When I got my tattoo on my back last summer, I truly didn’t think it would be so meaningful to me today. Which looking back is crazy, I have this tattoo for the rest of my life!!!! Anyways, I was on the way into the city with a girlfriend and we decided to get tattoos and so we started pinteresting and I found a quote saying “strength is what we gain from the madness we survive“. At that point I thought I had lived through my madness and it was done, so in my mind I was like how cute and perfectly fitting. Little did I know that the madness had only begun.
Today I have a big change thrown at me. I am starting in a new workplace for the time being. I am feeling like a bit of a failure as I know I can not return to my regular role because I am not ready to potentially face triggers everyday yet. So in my failure I am choosing to be resilient; knowing I am the only one who is able to assume the responsibility of picking myself up. Today I am accepting any change that may happen to me and I know I can choose to spend the same amount of energy being miserable or making myself strong!

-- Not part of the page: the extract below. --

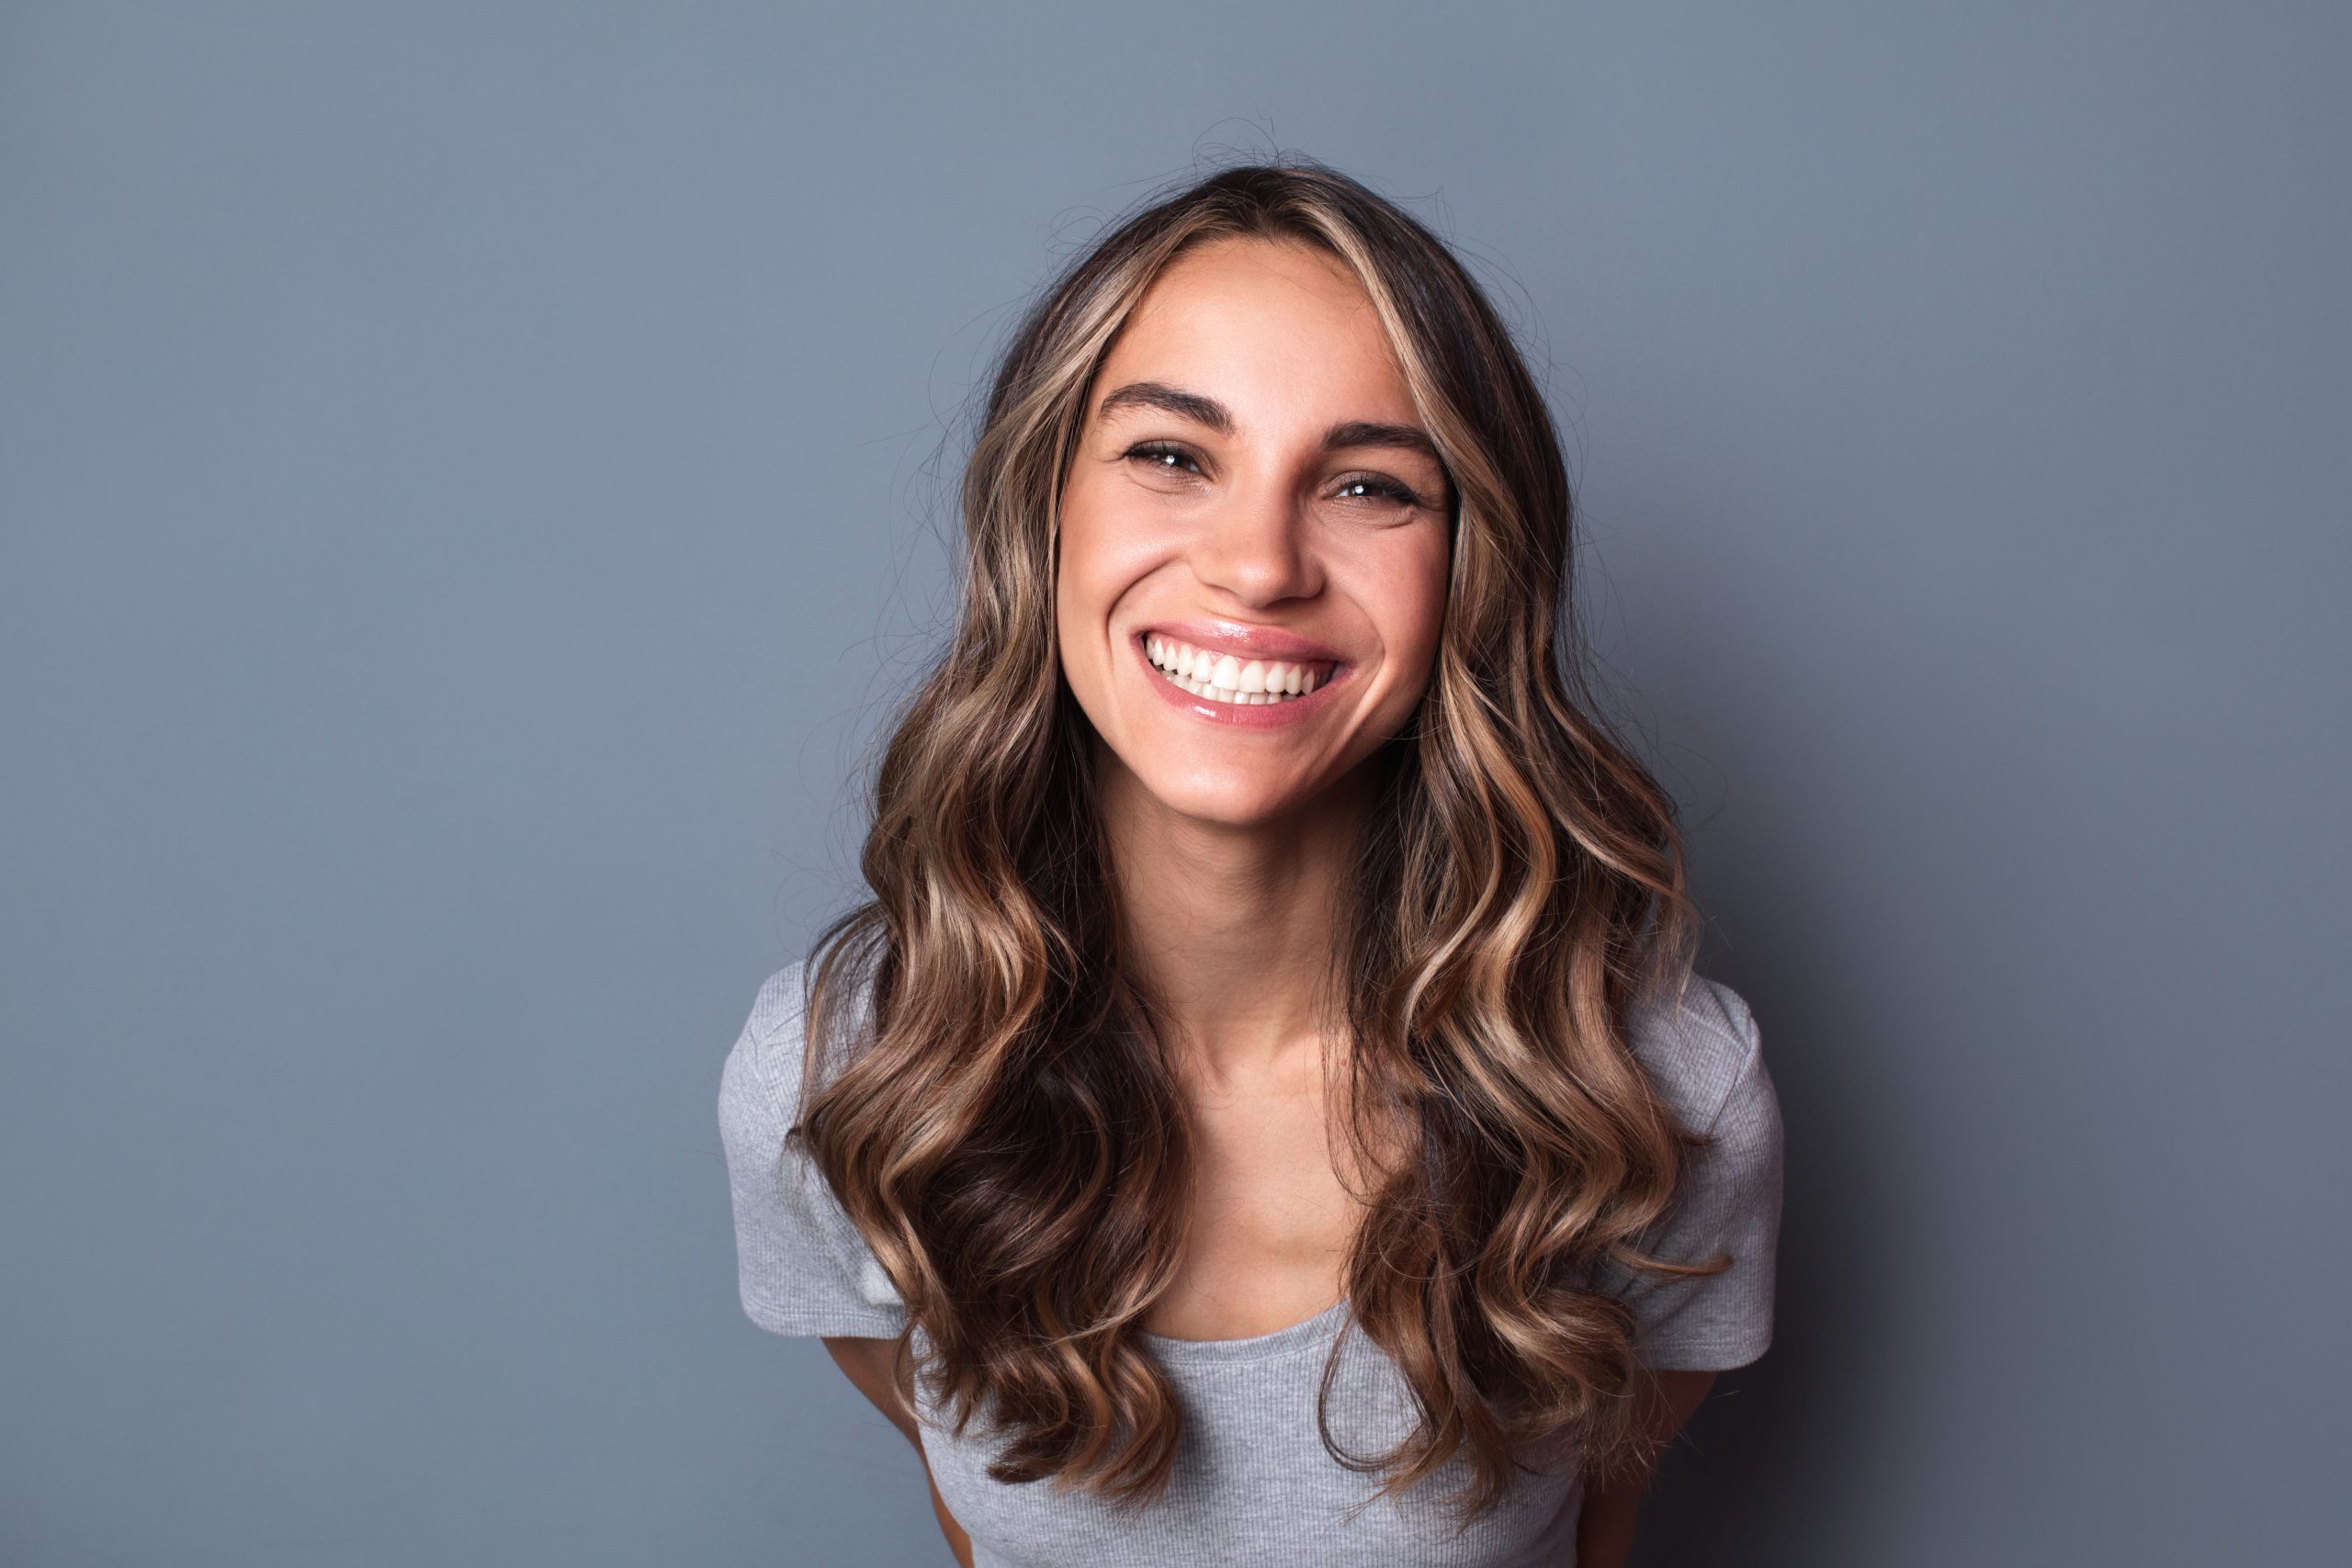 Portrait of young beautiful cute cheerful girl smiling looking at camera. Isolated close-up portrait of woman.

I am not what happened to me, I am what I choose to become. So I choose to pick myself up and rebuild in a way that makes broken look beautiful. I choose strength. I find it ironic that my name means “strong one”, I never really thought I was strong and as everyday goes by I realize I am not, but I continue to choose strength and I continue to persevere and be resilient. So for today, strength means accepting change and accepting that it’s ok to feel pain, I am a survivor after all.